A/B Testing & Experimentation
Analyzing Experiment Results
When the experiment ends, the analysis begins. Your job is to extract truth from data while avoiding common interpretation mistakes.
The Analysis Framework
Follow this systematic approach:
1. Validity checks → Is the experiment trustworthy?
2. Primary metric → What does it show?
3. Statistical significance → Is it real?
4. Practical significance → Does it matter?
5. Segment analysis → Who benefits?
6. Guardrails → Any red flags?
7. Decision → Launch, iterate, or kill?
Validity Checks First
Before looking at results, verify the experiment ran correctly:
| Check | What to Look For | Red Flag |
|---|---|---|
| Sample ratio | 50/50 split achieved? | >1% deviation |
| Pre-experiment metrics | Groups balanced? | Different baselines |
| Implementation | Feature deployed correctly? | Engineering bugs |
| Duration | Full weeks completed? | Partial weeks |
Interview insight: "I always check sample ratio mismatch (SRM) first. If my 50/50 split ended up 52/48, something went wrong with randomization and the results aren't trustworthy."

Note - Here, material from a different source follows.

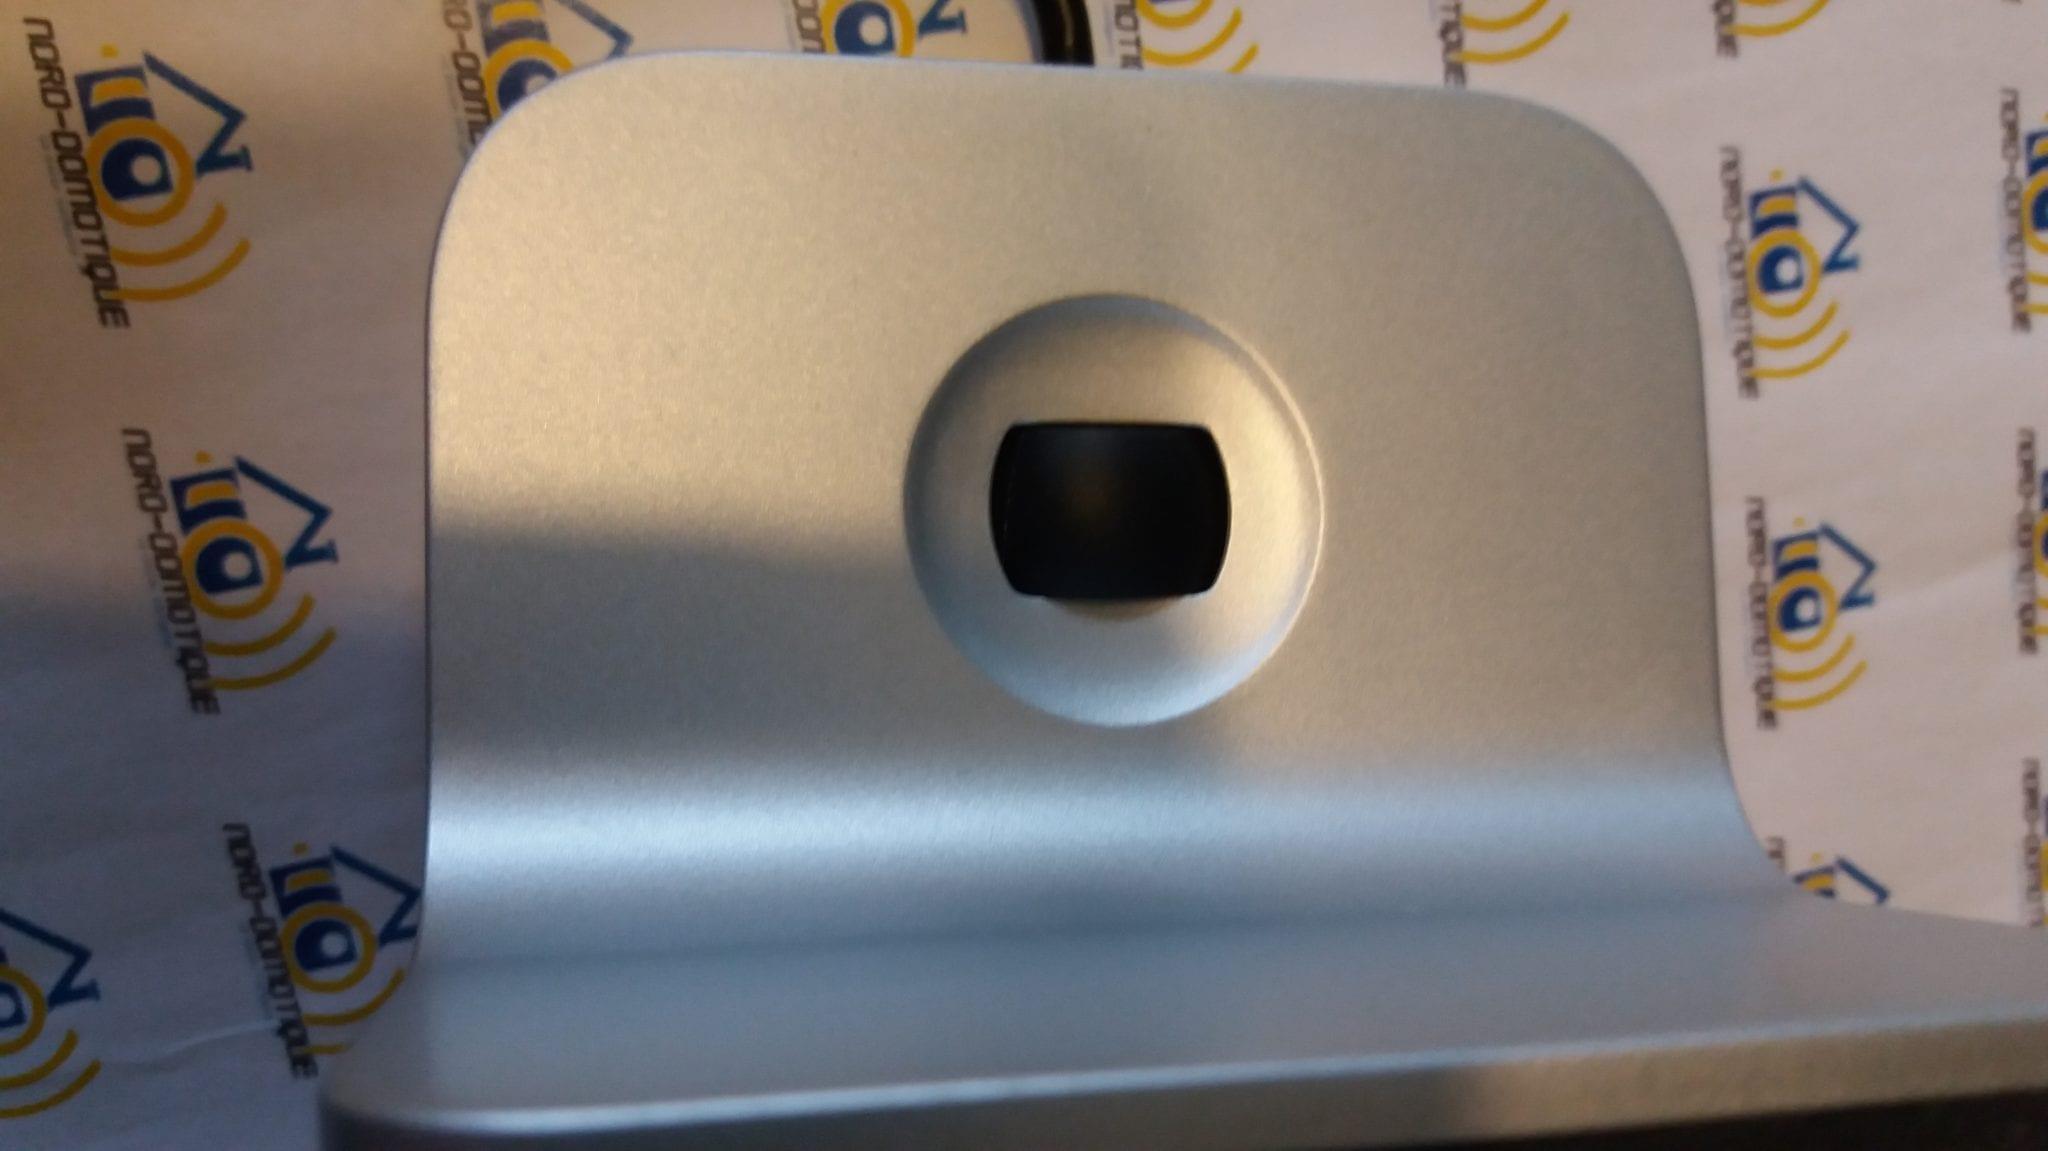 06-1 Test du dock universel micro USB Belkin PowerHouse XL

Statistical vs Practical Significance
Two separate questions:
Statistical significance: Is the effect real (not random noise)?
- Answer: p < 0.05 (typically)
Practical significance: Is the effect large enough to matter?
- Answer: Depends on business context
Example:
- p = 0.01 (highly significant)
- Effect: +0.01% conversion (5.00% → 5.01%)
- 95% CI: [0.005%, 0.015%]
Statistically significant, but is +0.01% worth the engineering maintenance cost?
Interview question: "We found a significant result with p=0.02, but the lift is only 0.5%. Should we launch?"
Good answer: "I'd calculate the business impact. If 0.5% lift means $1M annual revenue, probably yes. If it means $10K but requires ongoing maintenance, maybe not. I'd also check if the confidence interval includes effects large enough to be clearly worthwhile."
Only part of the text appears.